But then the reality is nothing like I had imagined. In reality I walk alone like a true prodigal. I am coming like some disaster: unexpected, unawaited. Not a single soul at the airport could tell you my name if you paid them. Besides Knockout Thabs, my best friend from high school who is picking me up from the airport, nobody knows of my return. My homecoming will be a surprise – the whole surprise thing being something I never knew before I left Zimbabwe and have picked up during my stay in the US, like so many foreign tendencies that now make up my identity. Oh how it ticked me off, the surprise thing, when I first moved to the US: surprise birthday parties, surprise present, surprise trip, surprise this and that. So unnecessary, so pointless, trying to catch me off guard when you could just come right out and tell me upfront so I am prepared.

And yet, here I am. Tired of the broken promises I suppose, after promising to come home and failing for years now because of one thing or another – finances nixing plans, my papers not secure enough to get me in and out of the country, or the unstable situation at home making it a bad time to visit – I have decided, out of guilt, to simply show up. It doesn’t feel like a bad decision, and having left home when I was a teenager, I feel so grown up doing things on my own terms like this.

I have never been to Harare airport before and so I do not recognise anything. Still, I am terribly aware of the wave of humanity around me; airport workers at various tasks, eager-eyed people looking out for their loved ones, travellers like myself and outside, a congregation dressed in white, perhaps waiting for an important church person. ‘My people, these are all my people,’ I want to scream, perhaps from the shock of being back home, perhaps from the joy of seeing the familiar rhythm of doing things; the poetry of the body, expressive faces, the thing without a name that speaks of home but I would never be able to explain. When I see a sign in Chinese, testament of course to the growing Chinese presence in Zimbabwe, I am a bit surprised, but still, I cannot help but laugh. This is a subject I treat briefly in my novel We Need New Names, and because my child characters – Darling, Chipo, Bastard, Godknows, Stina and Sbho – have been such an intimate part of my life for the past four years, to the point of almost becoming real, I find myself wondering what they would say if they were here with me.

I join the line for returning residents and not too long after, the young desk attendant stamps my passport and says, ‘Welcome home.’ I remember some of the port of entrees I have gone through – in the US, where I now live, the UK, Canada – always the questions, the scrutiny, and my awareness that I am an outsider. This is perhaps why, when I get my passport back, I hold it like it is the most precious thing ever; hold it like it is alive. Welcome home.

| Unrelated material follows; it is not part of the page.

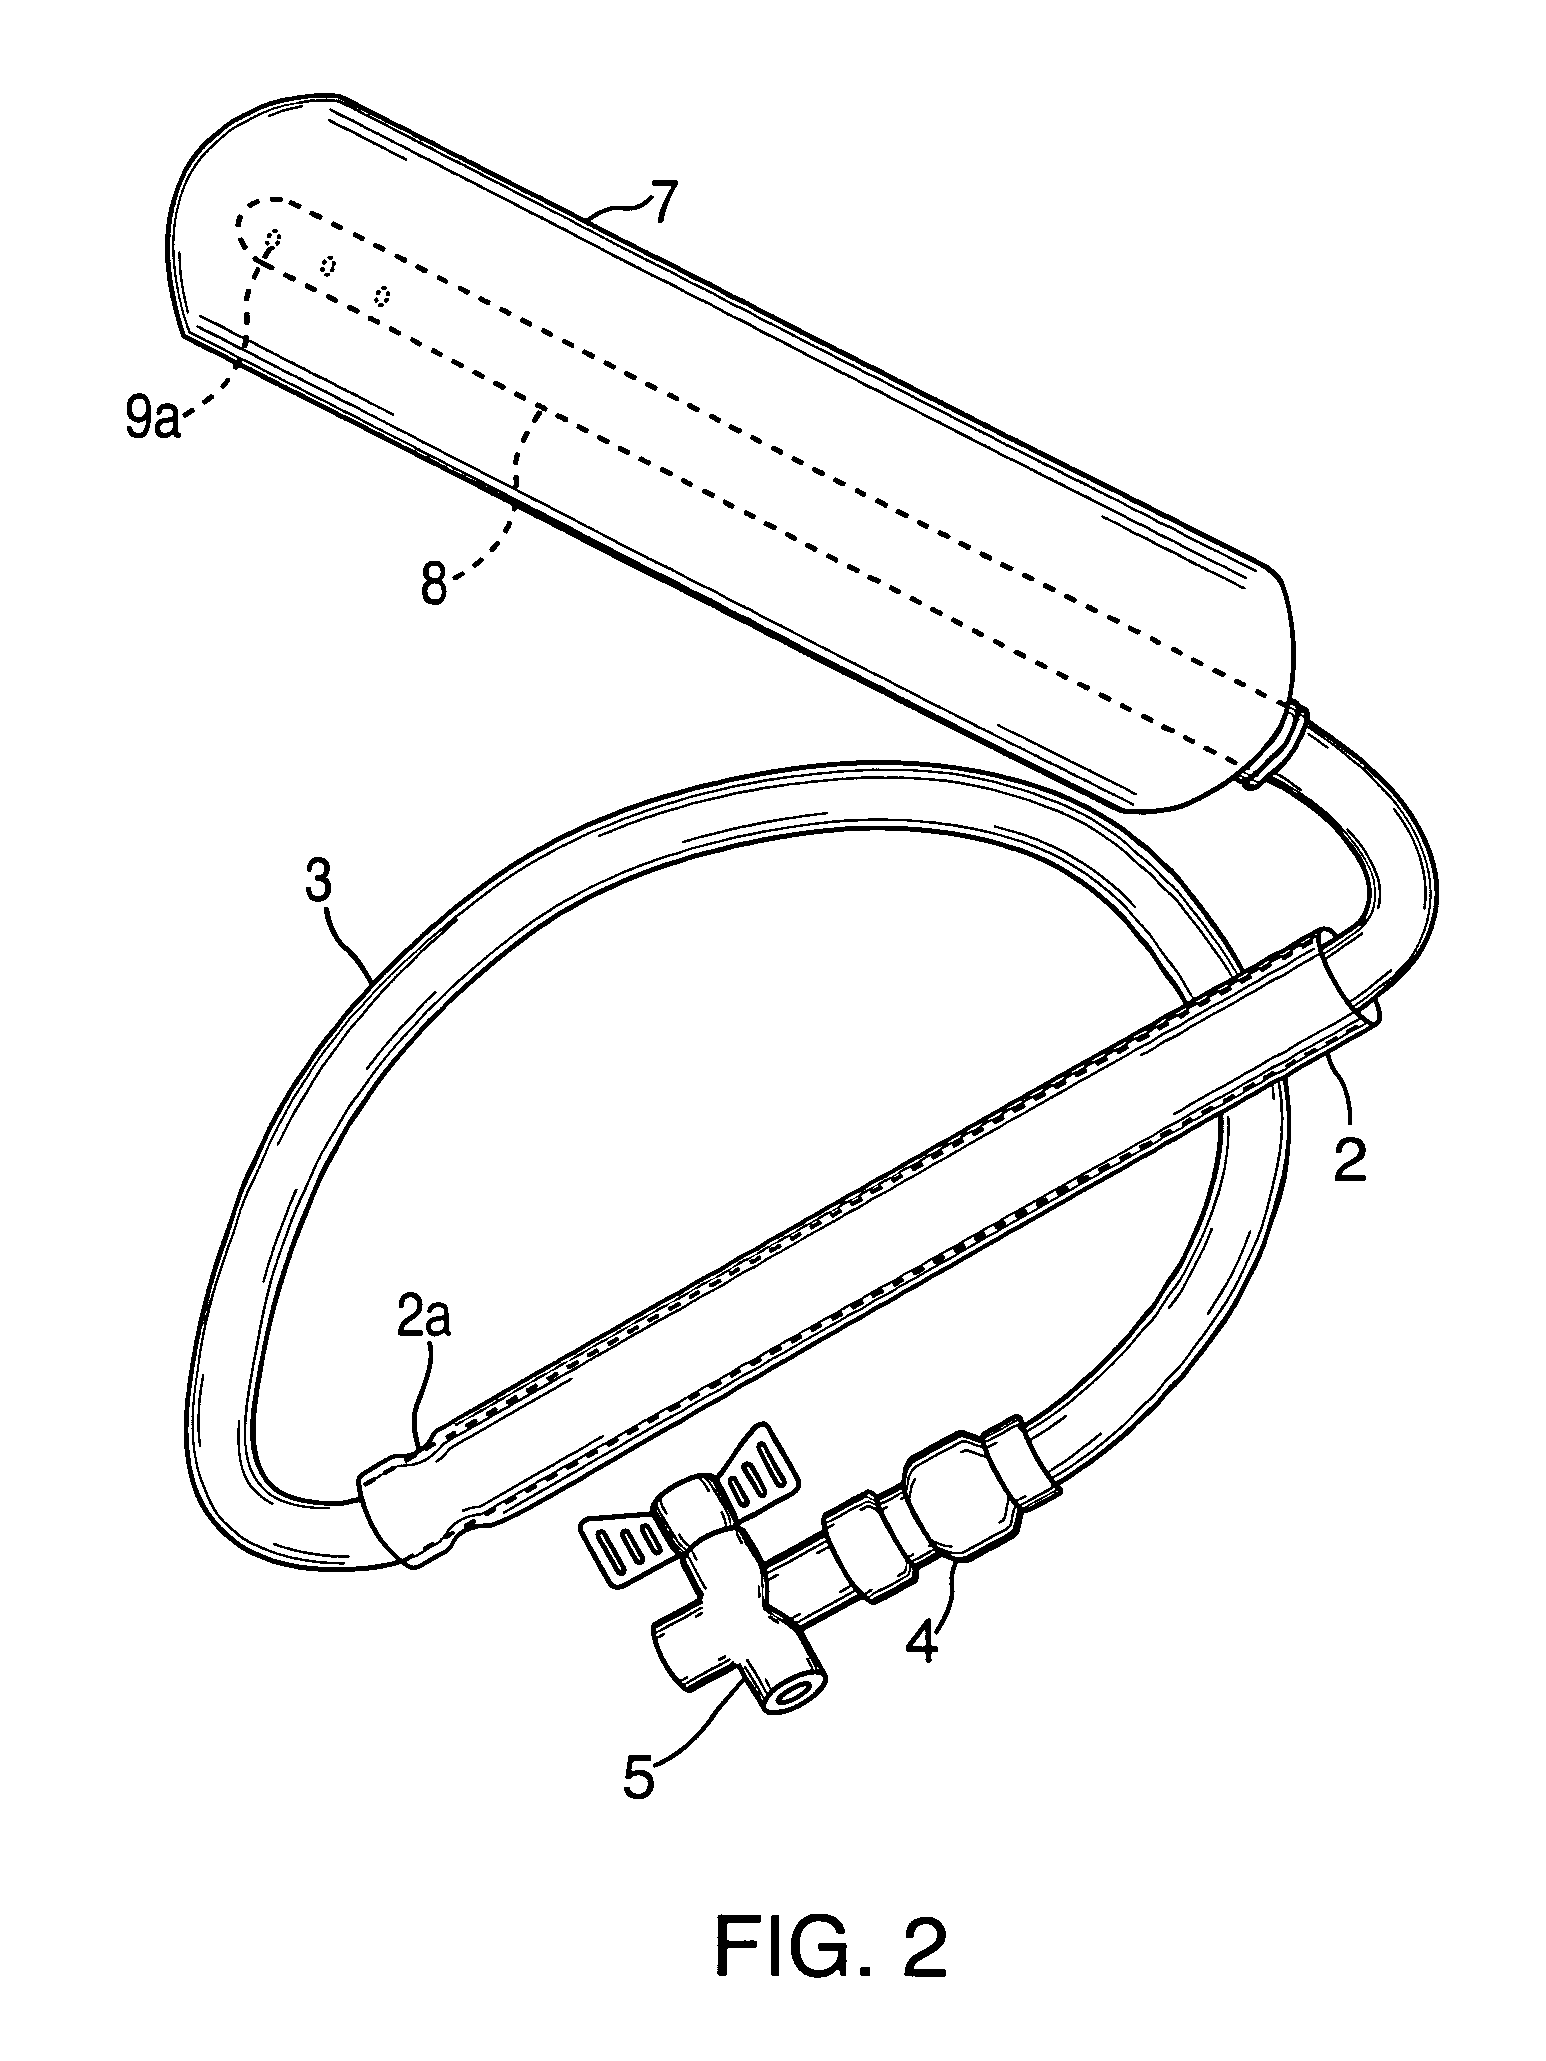 Variable rigidity vaginal dilator and use thereof

We enter my city at dawn, a time of returning witches. In the back of the car, my sister Bo and her youngest son, a nephew I have never met, are passed out from sleep. Bo lives in Harare and so we surprised her first. She refused to stay behind when we proceeded to Bulawayo.

‘I haven’t seen you all these years, I’m not staying behind,’ she said, leaving her children and young nieces and nephew by themselves as her husband was out of town.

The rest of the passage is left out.